Anche i lavori sviluppati dalla Didattica Professionale ( illustrata nel Cap. 3) esplorano questo legame tra attività e apprendimento informale, sottolineando che l’attività è

contemporaneamente apprendimento. L’attività dà luogo a un apprendimento incidente, in cui “ il soggetto apprende per il semplice fatto che agisce “ (Pastré, Mayen e Vergnaud, 2006). Gli studiosi citati sviluppano l’idea secondo la quale questo apprendimento è nello stesso tempo produttore e trasformatore: “l’attività in situazione è sia produttiva che costruttiva (….) il soggetto, producendo trasformazioni degli oggetti del mondo esteriore, trasforma contemporaneamente se stesso, arricchendo il suo repertorio di risorse“. Gli autori definiscono “incidente” questo tipo di apprendimento sul campo, in cui l’obiettivo dell’azione è l’attività produttiva e l’attività costruttiva non è altro che un effetto, non voluto, e sovente incosciente, dell’attività produttiva.

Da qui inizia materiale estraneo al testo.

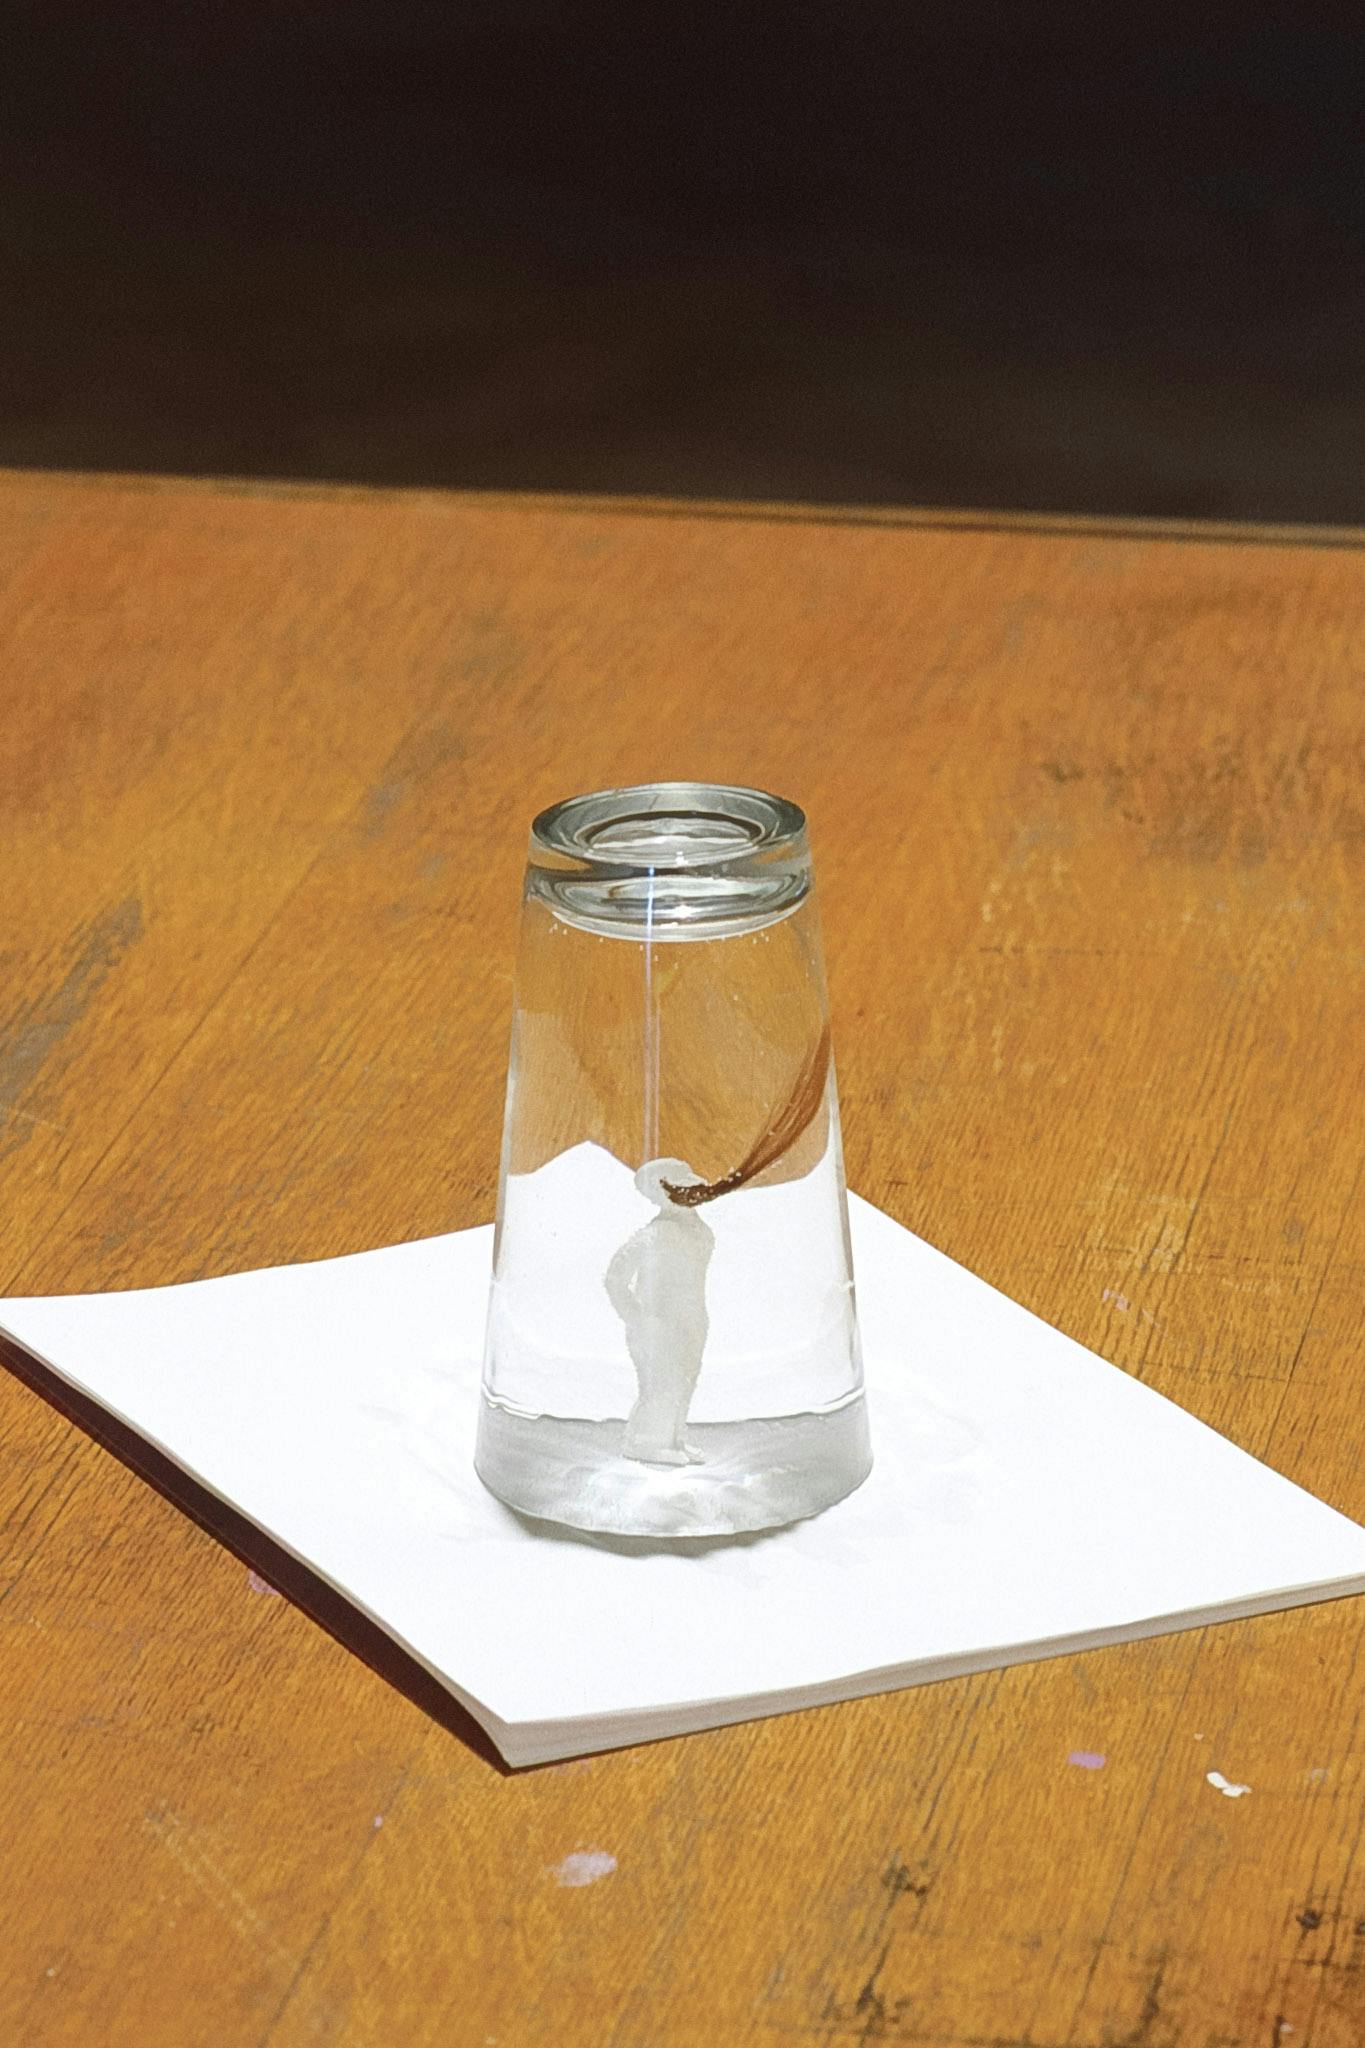 This is a close-up view of an artwork placed on the wooden desk. On a small pile of white paper napkins, a water-filled glass is placed upside down. A small white human figure stands inside the glass.

Concludendo questa breve illustrazione, è possibile sottolineare come il termine “apprendimento”, nella prospettiva di processo di acquisizione di conoscenza e dei rispettivi risultati in termini di sapere, sia tuttora un fenomeno attorno a cui non vi è convergenza scientifica. Il risultato di interesse che vogliamo rilevare per il presente lavoro di ricognizione, però, è il riconoscimento condiviso da parte di tutti gli autori che i soggetti sviluppano, acquisiscono conoscenza, saperi espliciti o impliciti, in tutti i contesti di vita e di pratica e che l’apprendimento informale è un concetto che integra le variabili di contesto, di intenzionalità del soggetto più o meno esplicita, di incidentalità del processo cognitivo, di processo che avviene a qualsiasi età, momento.

Questo cambiamento paradigmatico, riferito alla natura della conoscenza, mette in crisi le epistemologie che vedono la conoscenza solo riferita all’individuo, determinando uno spostamento verso un’epistemologia della conoscenza data dalla relazione dell’individuo con il mondo (azione, esperienza, contesto, situazione).